Literature DB >> 7569744

Using computerized individual medication data to detect drug effects on clinical laboratory tests.

P Grönroos1, K Irjala, J Heiskanen, K Torniainen.   

Abstract

In clinical practice, thousands of drugs are used daily. Clinicians know the therapeutic effects of drugs but other minor drug effects are often ignored either because of inadequate knowledge of these effects or simply because of the limited memory capacity of a human being. This problem can be solved by using a computerized information system, which includes medication data of individual patients as well as information about non-therapeutic drug-effects. One of these non-therapeutic confusing drug effects is the influence of drugs on laboratory tests; a problem that should be taken into account in clinical practice and diagnostics. Other complicating drug effects include drug interactions and patient related adverse drug reactions. In a computerized information system, it is possible to build decision support modules that automatically give alarms or alerts of important drug effects other than therapeutic effects.

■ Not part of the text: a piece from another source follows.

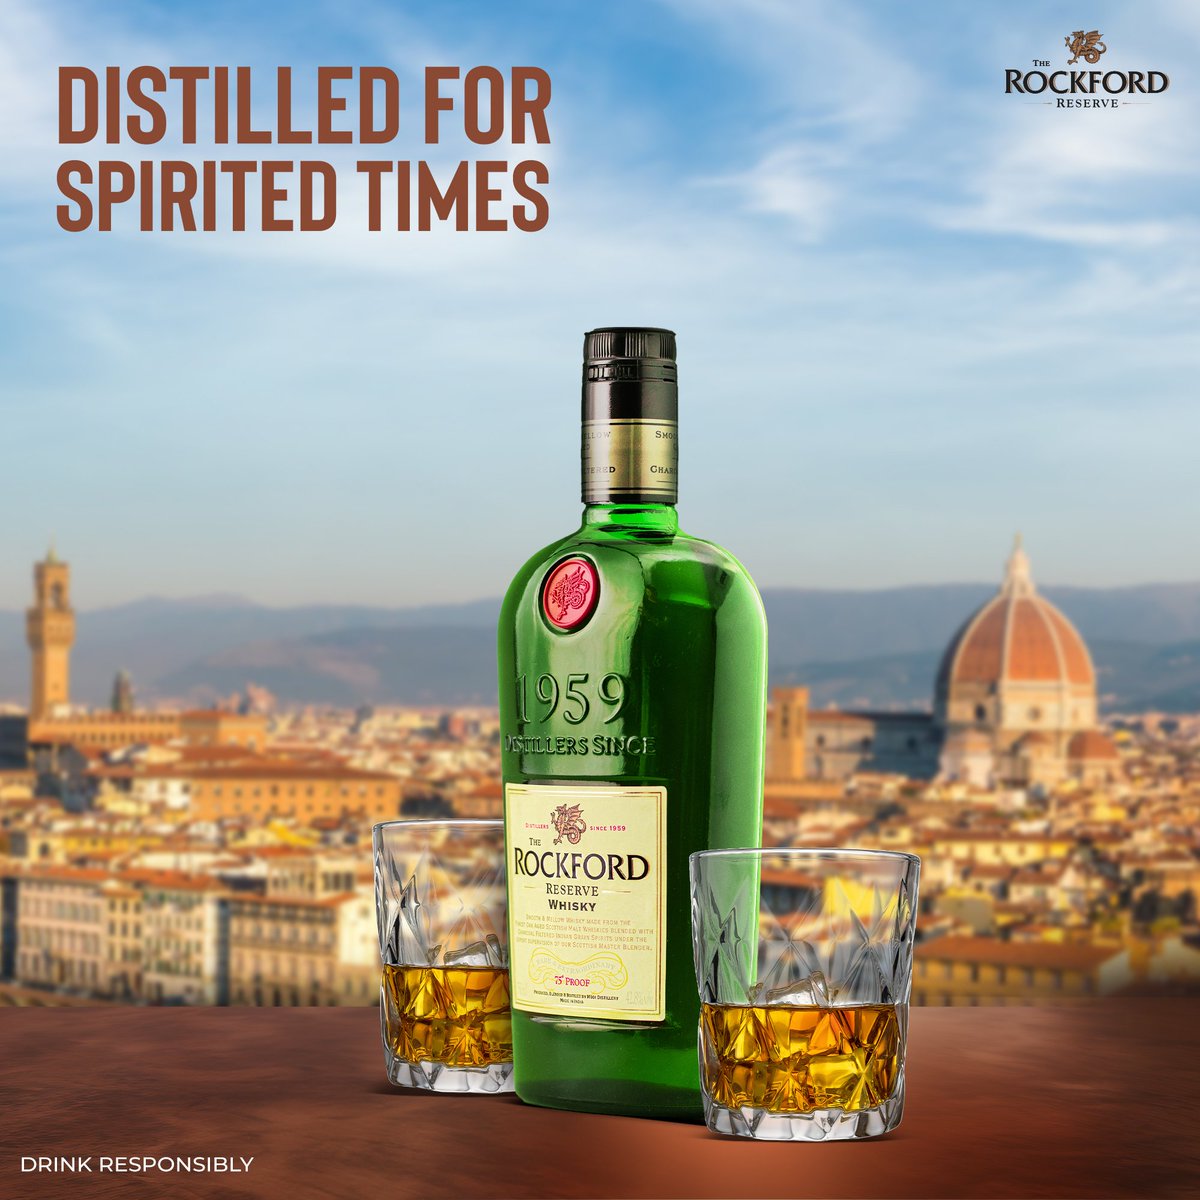 Distilled for spirited minds.

#SpiritedMindsDrinkAlike #SpiritedJourney #DrinkWithPassion #ToastToAdventure #whiskygram #FlavorfulSips #WhiskeyMoments #whiskylover #Rockford #RockfordIndia #RockfordReserve

If these warnings concern laboratory tests they are checked by a laboratory physician and only those with clinical significance are sent to clinicians. Warnings of drug interactions and adverse drug reactions are immediately evaluated by the physician responsible for the treatment. By means of the computerized information system, it is also possible to get better information of current medication practice which in turn gives better chances to agree on common guidelines and enables better quality assurance.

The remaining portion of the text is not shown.